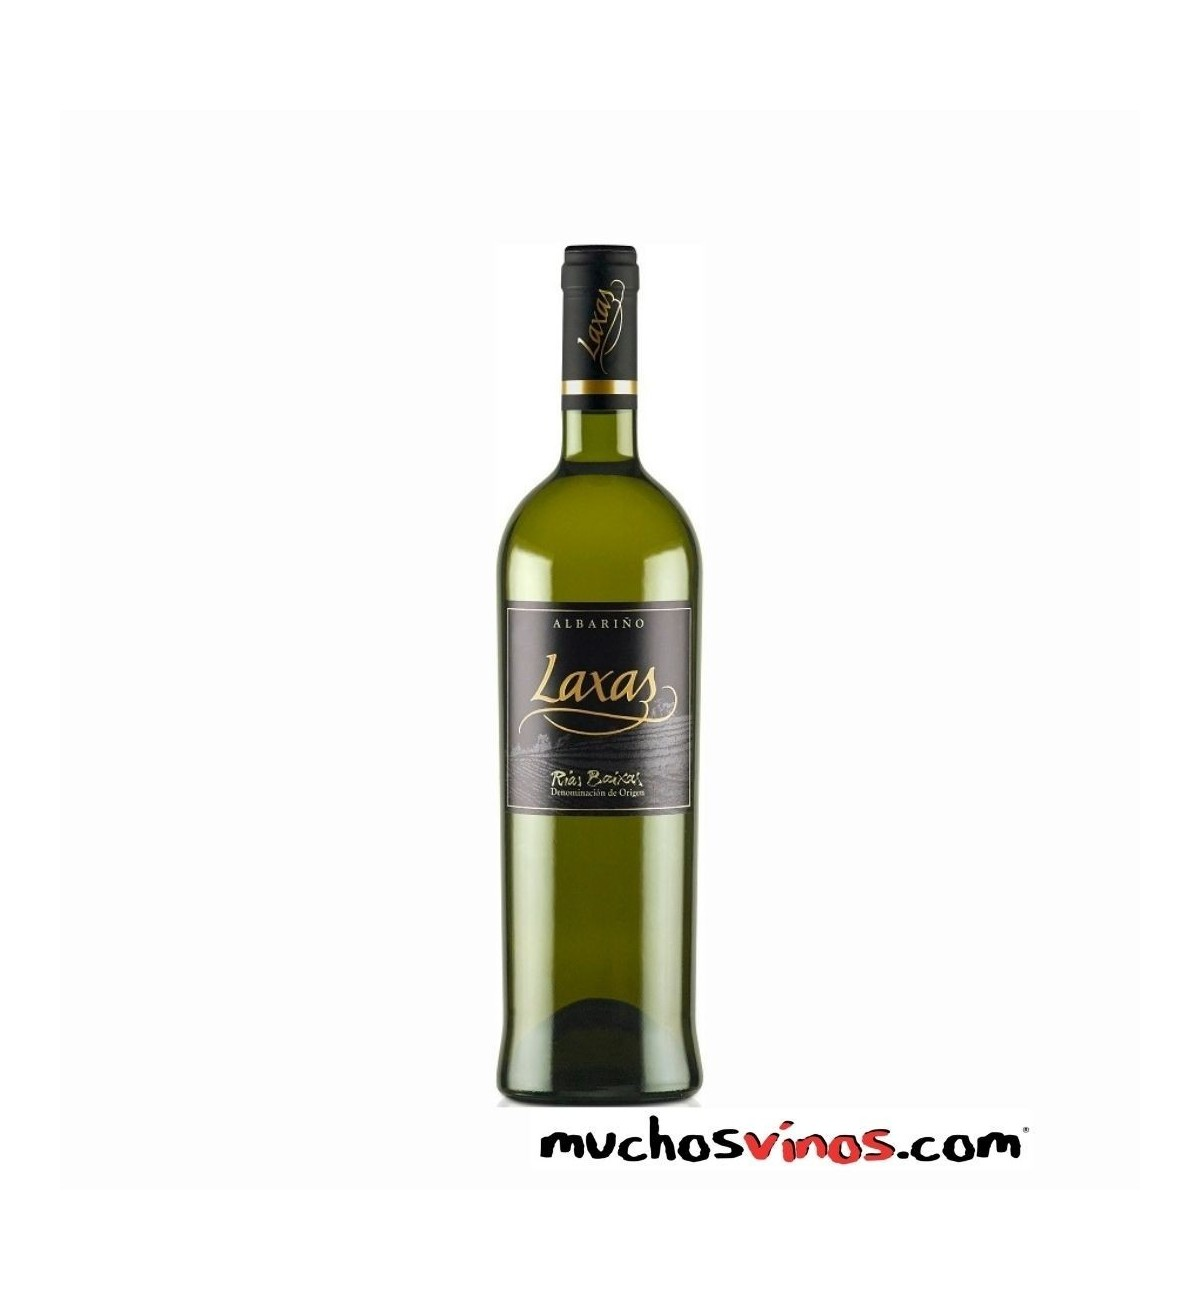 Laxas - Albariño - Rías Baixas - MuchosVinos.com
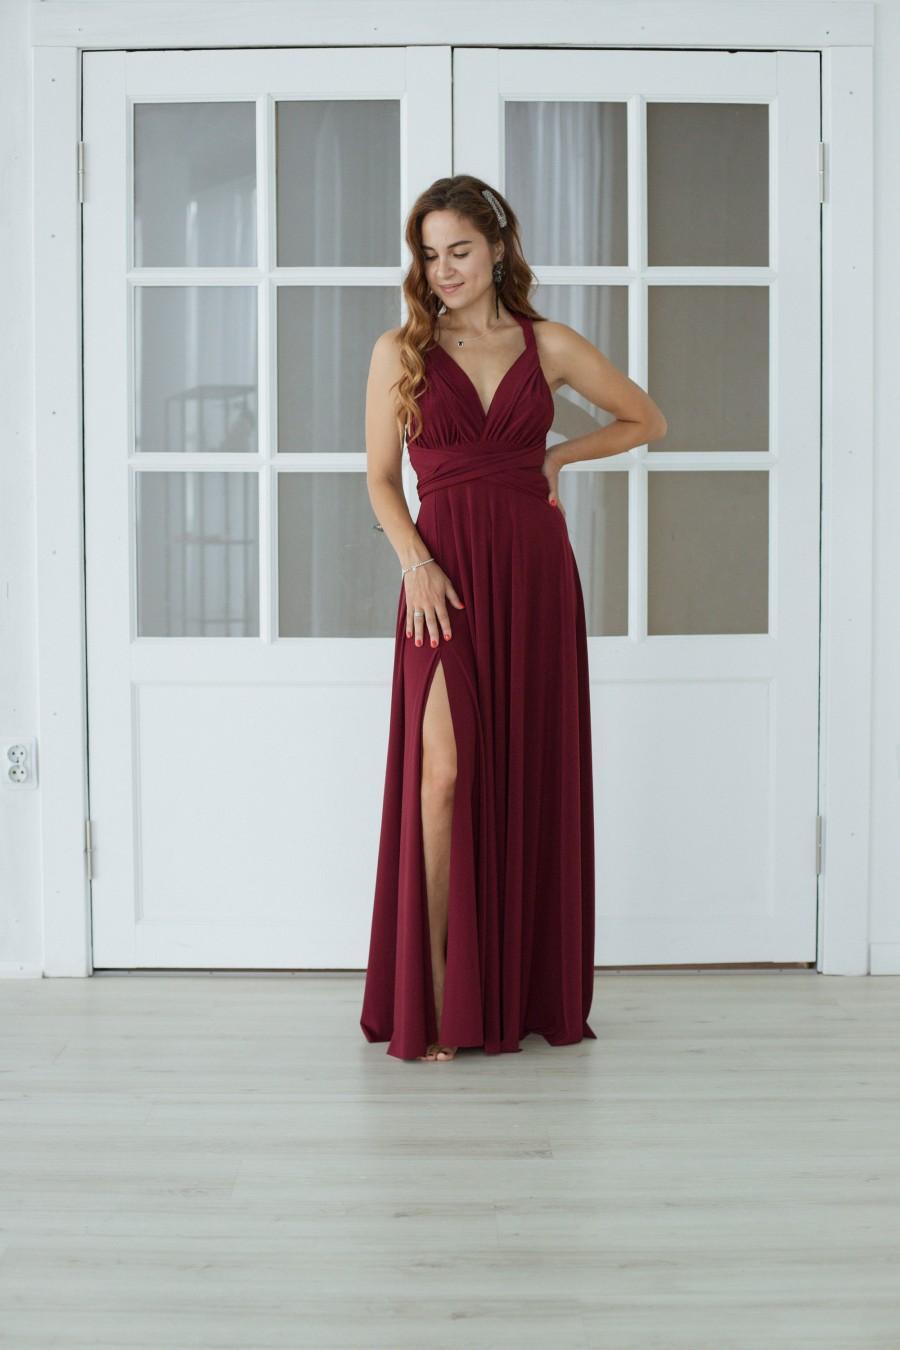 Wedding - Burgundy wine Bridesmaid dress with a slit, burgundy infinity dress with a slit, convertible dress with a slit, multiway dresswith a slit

---

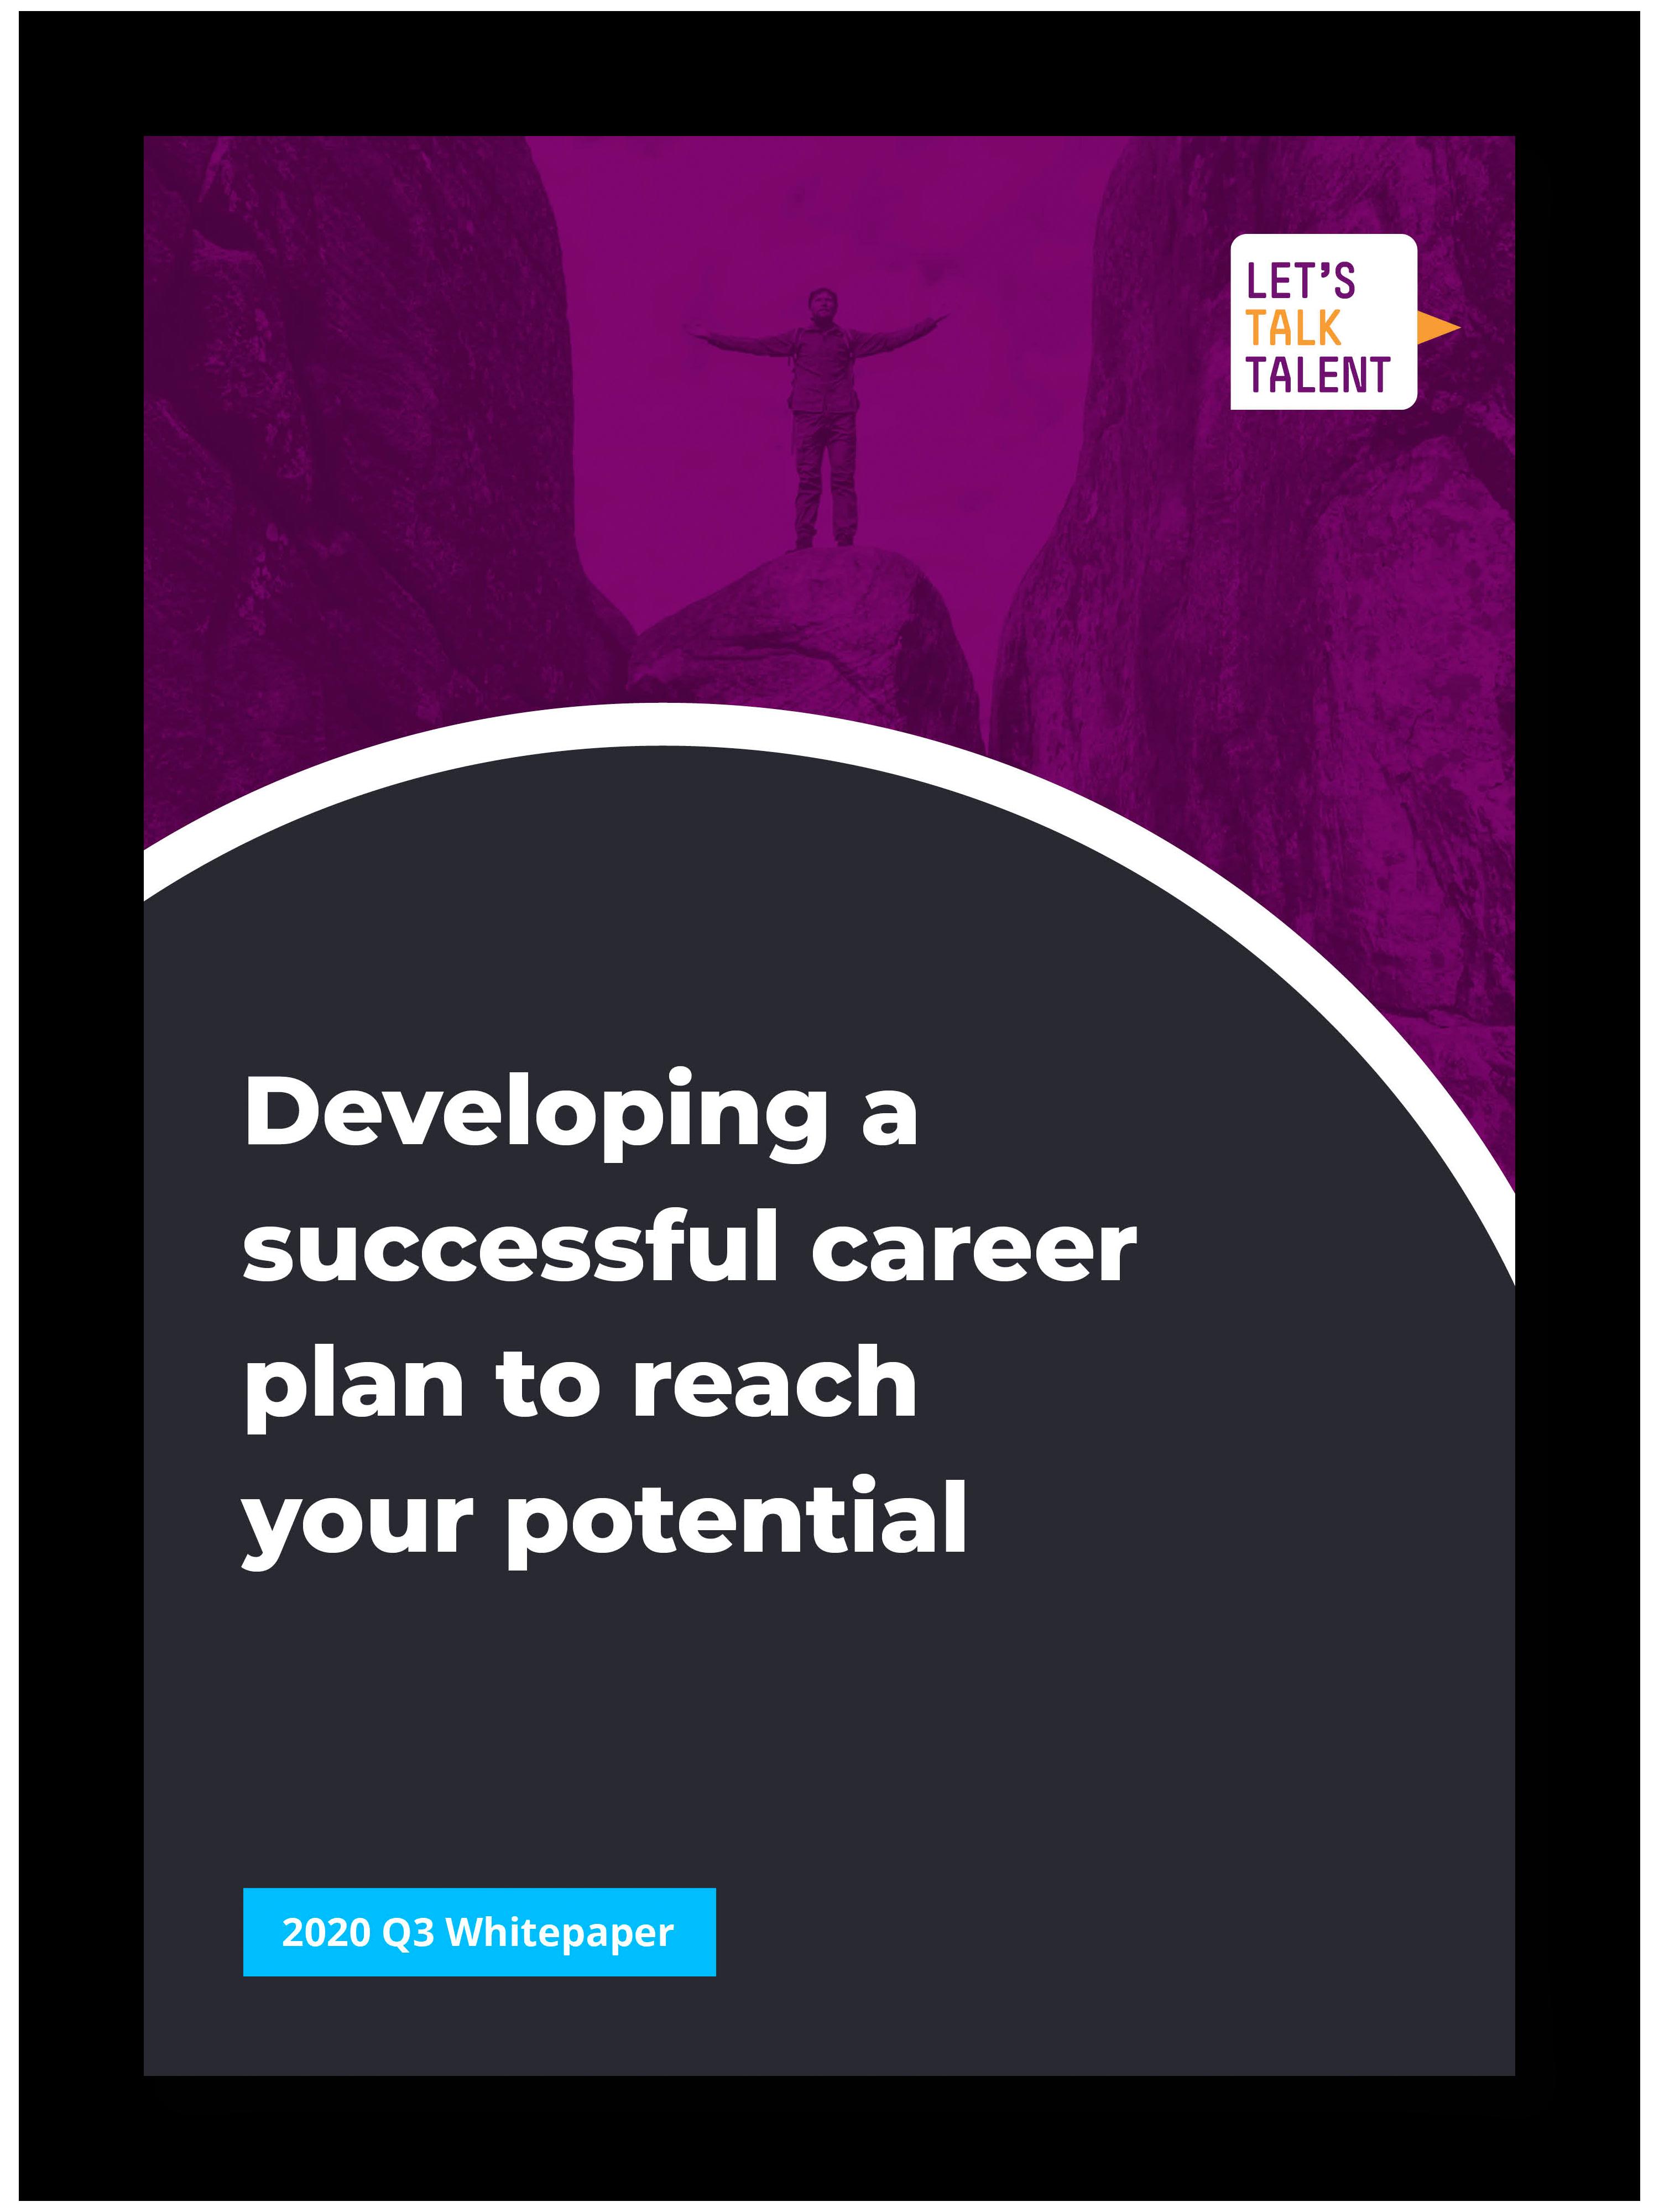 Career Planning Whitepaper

Directions for this task → From the records above, give again only the part that opens with the line containing "Laxas - Albariño" and closes with the line containing "Wedding - Burgundy". Keep both ends but drop the pictures.

Written solution →
 Laxas - Albariño - Rías Baixas - MuchosVinos.com
 Wedding - Burgundy wine Bridesmaid dress with a slit, burgundy infinity dress with a slit, convertible dress with a slit, multiway dresswith a slit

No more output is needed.